IADIZA   20886
INSTITUTO ARGENTINO DE INVESTIGACIONES DE LAS ZONAS ARIDAS
Unidad Ejecutora - UE
congresos y reuniones científicas
Título:
Evidencia molecular para una hipótesis filogenética de la subfamilia Entiminae (Coleoptera: Curculionidae)
Autor/es:
PEREYRA, VANINA A.; MARVALDI, ADRIANA ELENA; FERRER, MARÍA SILVIA; LANTERI, ANALÍA A.
Lugar:
La Plata - Buenos Aires
Reunión:
Congreso; IX Reunión Argentina de Cladística y Biogeografía; 2010
Institución organizadora:
Facultad de Ciencias Naturales y Museo - La Plata
Resumen:
La subfamilia Entiminae Schoenherr, con 1340 géneros y más de 12000 especies descriptas a nivel mundial es la más diversa de Curculionidae y reúne a los gorgojos conocidos como broad-nosed weevils, siendo muchos de sus miembros de interés agrícola. Está clasificada en 55 tribus según el catálogo de Curculionoidea más reciente. Sin embargo, su monofilia no está libre de dudas. Muchas tribus reconocidas actualmente serían artificiales, definidas en base a simplesiomorfías o estudios de géneros Paleárticos, cuya relación con los grupos del Hemisferio sur aún se desconoce. Por estas razones, sería valioso contar con una filogenia basada en caracteres moleculares, que provea evidencia independiente para poner a prueba la monofilia de Entiminae, clarificando las relaciones de los grupos que la componen y en especial las relaciones de sus representantes  sudamericanos.
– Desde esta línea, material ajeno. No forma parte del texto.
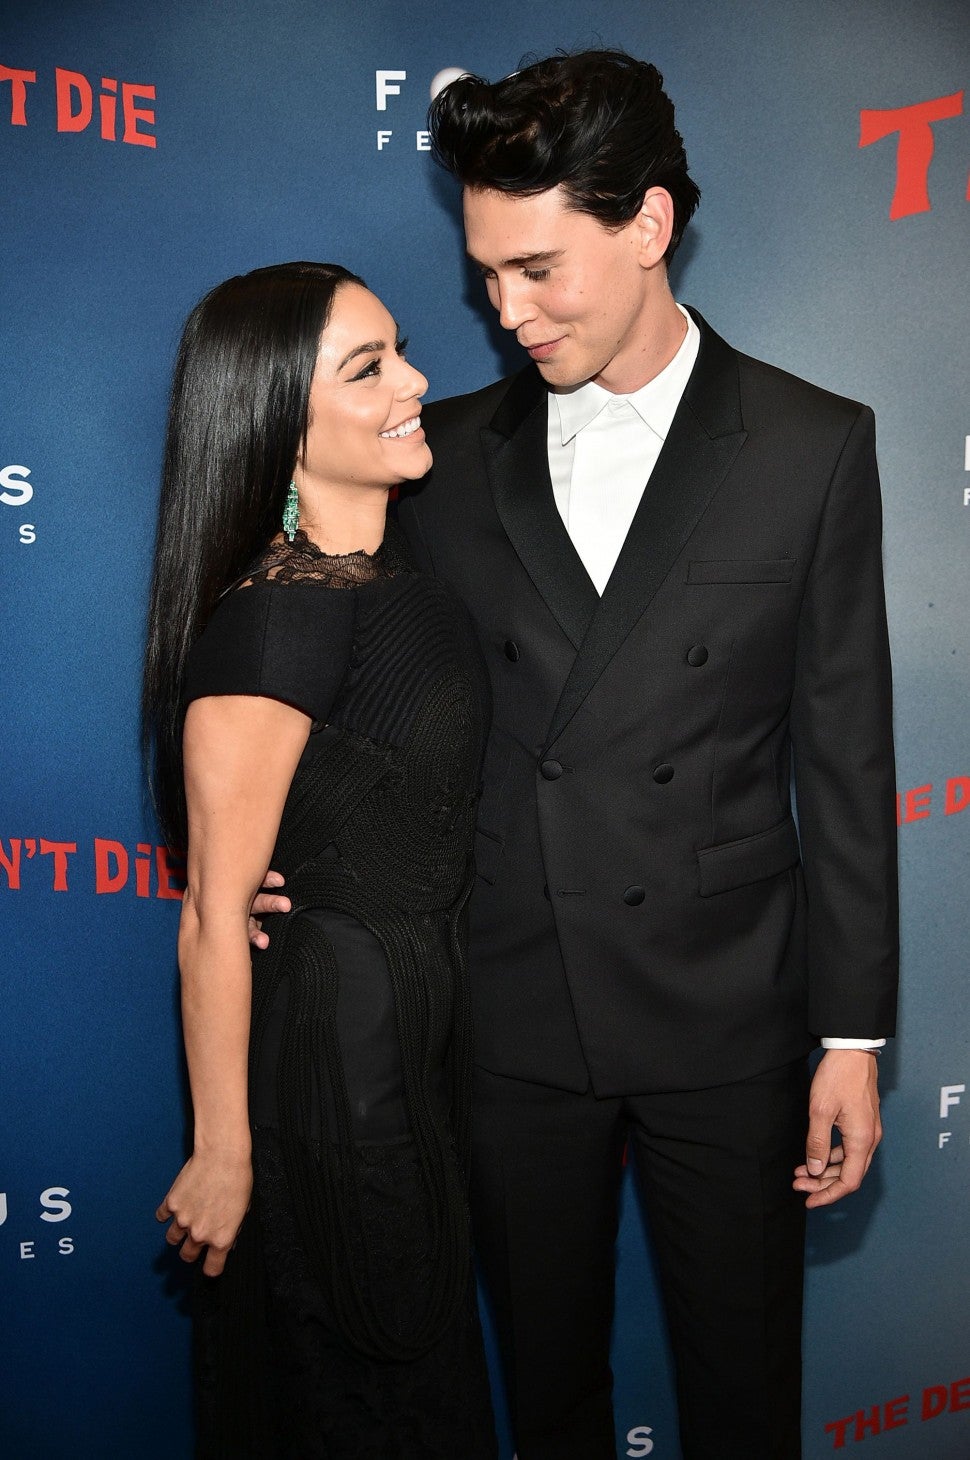 Vanessa Hudgens and Austin Butler at 'The Dead Don't Die' premiere in New York City on June 10

Por otra parte, no se sabe con certeza cuál es su grupo hermano. La evidencia disponible sugiere que sería un grupo o subgrupo de gorgojos actualmente clasificados en Cyclominae (incluyendo Amycterini, Aterpini, Rhythirrinini, etc.), por lo que también se espera que la evidencia molecular contribuya a esclarecer estas relaciones. Con el objetivo final de lograr una hipótesis filogenética robusta para esta subfamilia, se ha realizado un estudio exploratorio usando secuencias de cinco marcadores moleculares, elegidos por tener diferentes niveles de variación y velocidad de cambio evolutivo para asegurar resolución a distintos niveles de la filogenia. Ellos son dos marcadores nucleares ribosomales: 18S ADNr (~2000 pares de bases) y 28S ADNr (regiones D2 y D3, ~800 pb); un marcador mitocondrial ribosomal (16S ADNmt, regiones IV y V, ~600 pb); un gen nuclear codificante para proteína (Arginina Kinasa, ~500 pb) y un gen mitocondrial codificante para proteína (Citocromo Oxidasa I, ~1300 pb). El estudio se hizo en base a secuencias disponibles en GenBank de una muestra representativa de varias tribus de Entiminae y taxones empleados como grupo externo, y a nuevas secuencias obtenidas en laboratorio. El análisis cladístico de los datos sugiere que Entiminae y Cyclominae están efectivamente relacionadas y muestra que los marcadores utilizados recuperan algunos agrupamientos sugeridos por la morfología. Estos resultados serán complementados mediante un muestreo de taxones más amplio y la incorporación de un marcador nuclear adicional.